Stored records
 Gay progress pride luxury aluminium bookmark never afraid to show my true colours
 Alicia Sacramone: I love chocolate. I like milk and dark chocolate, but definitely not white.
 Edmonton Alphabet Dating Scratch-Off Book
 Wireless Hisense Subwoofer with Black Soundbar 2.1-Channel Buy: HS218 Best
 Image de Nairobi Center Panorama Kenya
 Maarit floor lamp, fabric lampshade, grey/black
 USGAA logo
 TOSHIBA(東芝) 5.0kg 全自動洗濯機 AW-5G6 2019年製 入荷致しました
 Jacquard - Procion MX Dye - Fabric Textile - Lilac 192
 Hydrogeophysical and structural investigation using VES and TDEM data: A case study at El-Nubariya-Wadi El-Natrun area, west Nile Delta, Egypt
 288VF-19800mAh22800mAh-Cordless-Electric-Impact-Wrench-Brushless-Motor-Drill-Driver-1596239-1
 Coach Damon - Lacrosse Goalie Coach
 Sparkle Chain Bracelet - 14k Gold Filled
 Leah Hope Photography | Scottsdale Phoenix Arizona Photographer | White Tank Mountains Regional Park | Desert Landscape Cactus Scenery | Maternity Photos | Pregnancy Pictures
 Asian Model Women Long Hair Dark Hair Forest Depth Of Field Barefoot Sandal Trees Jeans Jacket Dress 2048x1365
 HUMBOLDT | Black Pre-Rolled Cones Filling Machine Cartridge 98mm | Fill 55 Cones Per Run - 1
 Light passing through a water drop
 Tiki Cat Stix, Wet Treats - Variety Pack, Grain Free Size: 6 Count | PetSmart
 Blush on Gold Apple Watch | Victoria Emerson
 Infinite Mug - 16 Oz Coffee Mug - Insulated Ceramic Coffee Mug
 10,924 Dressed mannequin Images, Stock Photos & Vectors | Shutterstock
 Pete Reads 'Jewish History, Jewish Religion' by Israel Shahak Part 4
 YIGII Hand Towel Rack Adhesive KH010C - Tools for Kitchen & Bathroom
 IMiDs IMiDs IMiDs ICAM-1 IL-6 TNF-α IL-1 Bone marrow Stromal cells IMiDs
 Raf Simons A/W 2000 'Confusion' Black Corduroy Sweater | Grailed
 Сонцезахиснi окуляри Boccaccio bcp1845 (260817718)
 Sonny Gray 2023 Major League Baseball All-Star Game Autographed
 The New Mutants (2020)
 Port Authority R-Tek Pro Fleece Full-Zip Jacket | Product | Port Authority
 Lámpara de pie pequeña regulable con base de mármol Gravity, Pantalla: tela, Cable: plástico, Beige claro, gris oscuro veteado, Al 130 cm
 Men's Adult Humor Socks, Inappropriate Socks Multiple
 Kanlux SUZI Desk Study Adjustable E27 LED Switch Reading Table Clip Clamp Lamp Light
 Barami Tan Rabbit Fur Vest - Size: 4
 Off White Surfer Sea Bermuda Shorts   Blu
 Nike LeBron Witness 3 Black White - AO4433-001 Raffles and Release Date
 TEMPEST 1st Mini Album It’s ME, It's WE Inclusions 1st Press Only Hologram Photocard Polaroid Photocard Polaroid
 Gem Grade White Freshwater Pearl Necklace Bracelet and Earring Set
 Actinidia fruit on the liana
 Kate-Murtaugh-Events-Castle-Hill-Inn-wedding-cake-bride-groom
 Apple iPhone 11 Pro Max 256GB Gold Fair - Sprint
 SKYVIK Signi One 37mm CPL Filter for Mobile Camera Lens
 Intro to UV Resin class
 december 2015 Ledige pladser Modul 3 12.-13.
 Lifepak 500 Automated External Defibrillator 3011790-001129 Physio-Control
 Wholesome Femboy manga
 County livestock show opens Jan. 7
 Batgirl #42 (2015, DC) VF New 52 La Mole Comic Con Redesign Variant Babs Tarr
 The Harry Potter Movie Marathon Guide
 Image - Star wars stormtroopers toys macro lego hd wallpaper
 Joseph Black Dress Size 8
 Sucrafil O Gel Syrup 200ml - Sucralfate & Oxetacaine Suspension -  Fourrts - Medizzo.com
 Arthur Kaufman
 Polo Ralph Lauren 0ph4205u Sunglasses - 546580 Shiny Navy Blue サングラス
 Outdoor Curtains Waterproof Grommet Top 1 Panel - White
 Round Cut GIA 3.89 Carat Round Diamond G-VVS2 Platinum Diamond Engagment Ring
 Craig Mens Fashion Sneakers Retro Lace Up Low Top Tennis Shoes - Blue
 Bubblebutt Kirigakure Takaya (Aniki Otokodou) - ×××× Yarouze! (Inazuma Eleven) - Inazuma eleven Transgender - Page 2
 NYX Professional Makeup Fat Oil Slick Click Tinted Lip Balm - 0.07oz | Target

■ **Work to be completed**: Write out exactly the lines that fall from the line with "The Harry Potter Movie Marathon Guide" to the line with "Polo Ralph Lauren" in the records above, keeping both ends.

■ **Task answer**:
 The Harry Potter Movie Marathon Guide
 Image - Star wars stormtroopers toys macro lego hd wallpaper
 Joseph Black Dress Size 8
 Sucrafil O Gel Syrup 200ml - Sucralfate & Oxetacaine Suspension -  Fourrts - Medizzo.com
 Arthur Kaufman
 Polo Ralph Lauren 0ph4205u Sunglasses - 546580 Shiny Navy Blue サングラス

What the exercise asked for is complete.